Thursday, 19 January 2017

Architects and journalists

Architects and journalists 

Architects believe that they shape the built environment, that they are responsible for the ways cities develop, how people live in their homes or work in their workplaces. Similarly, journalists appear to believe that they make the news. You see them present their exploits on television and you get the feeling it was they who liberated a city rather than (admittedly courageously) walking behind those who actually took it. With journalists, being close to the action, a real eyewitness, often counts more than being able to give a good overview of the facts or an insightful and informative explanation.

I wonder how much architects actually make in e.g. a city, how much of the built environment is down to their skills, sensibilities and decisions. Sometimes, when I see haphazard rainwater piping on a facade, I wonder how much architects fail to take into account. But even when it comes to the parts that are undeniably architecture, I wonder to what extent architects lead rather than follow, whether they are followers and eyewitnesses of change rather than its initiators and carriers.

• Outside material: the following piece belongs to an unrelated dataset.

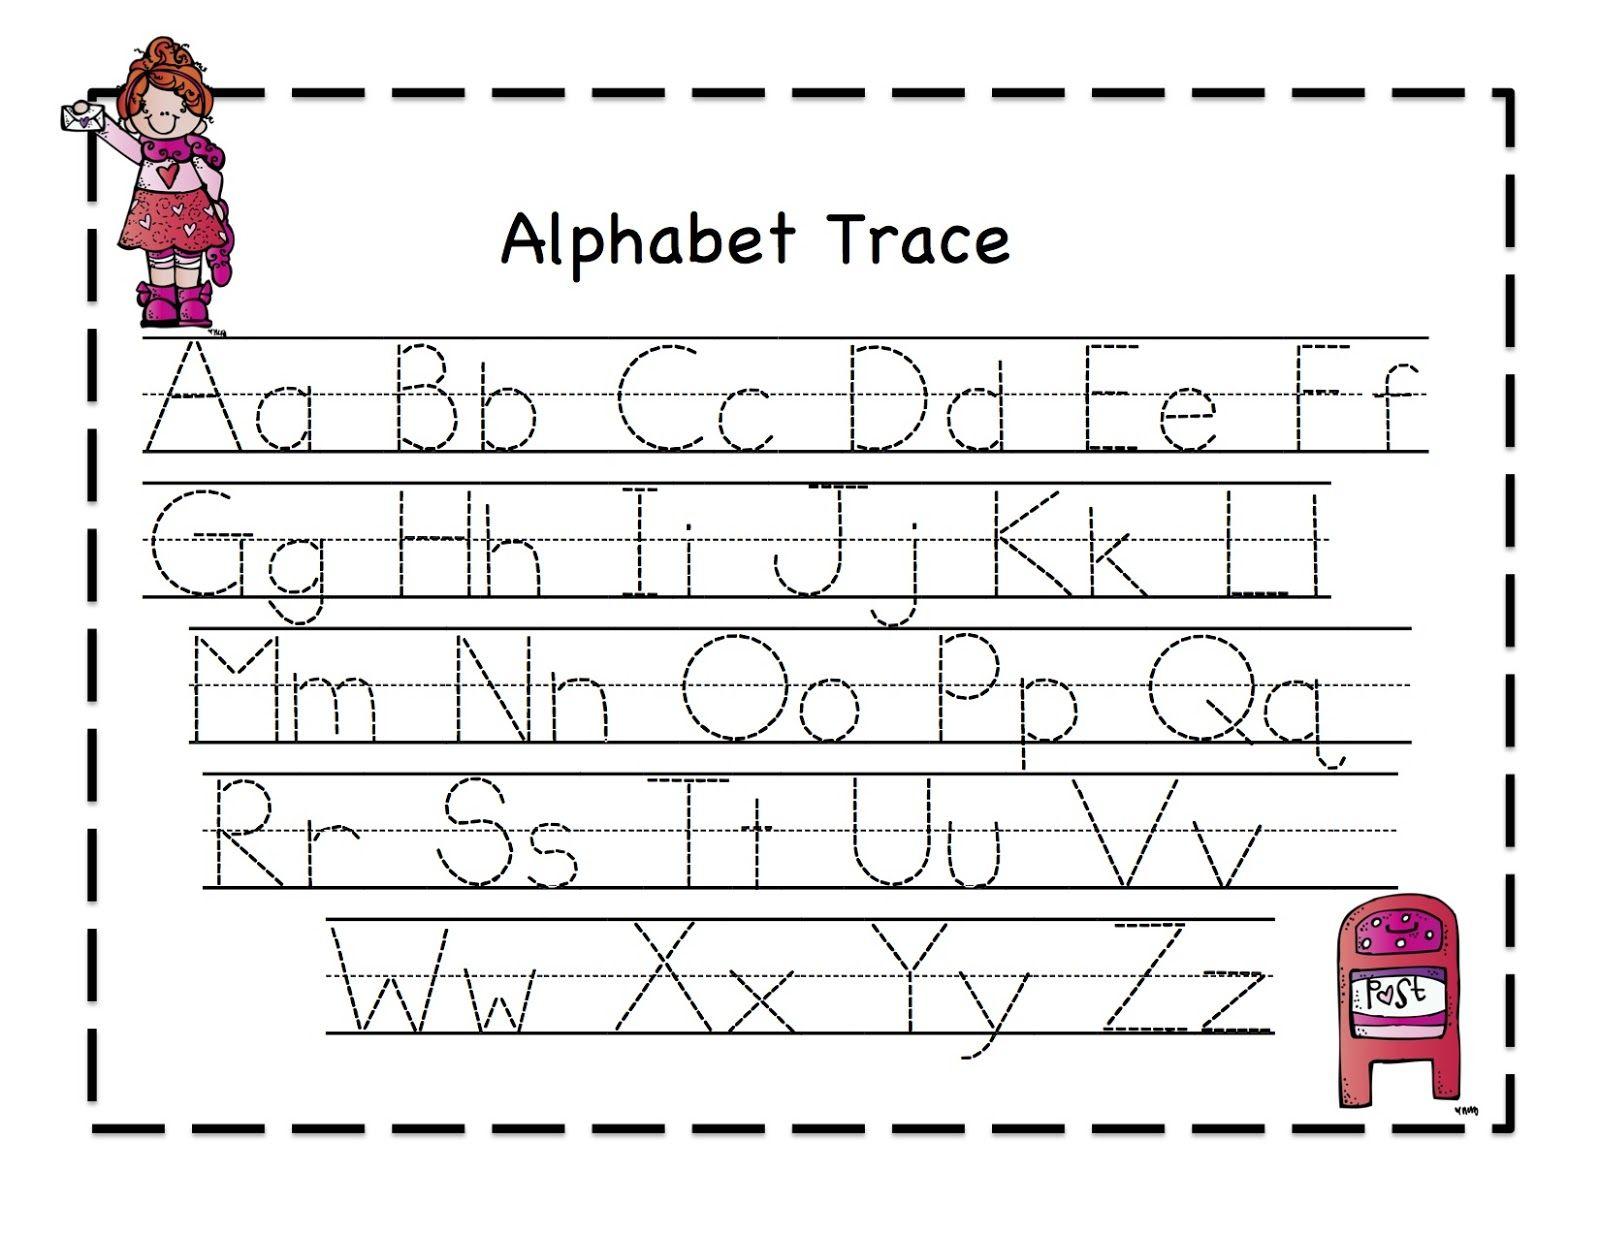 Abc Tracing Sheets For Preschool Kids   Alphabet Tracing in Alphabet Tracing Toddler

One thing that makes things more difficult to read is the combination of prescriptiveness (sometimes moreover moralistic) and vogue: modernist interiors, for example, were sold to the public as the correct way to live, uncluttered and bare, free from the sins of decoration and worshipping the past - not as an aesthetic choice. Nowadays that these heavy associations have died down, people are once again allowed to be eclectic and ironically include modernism in their choices.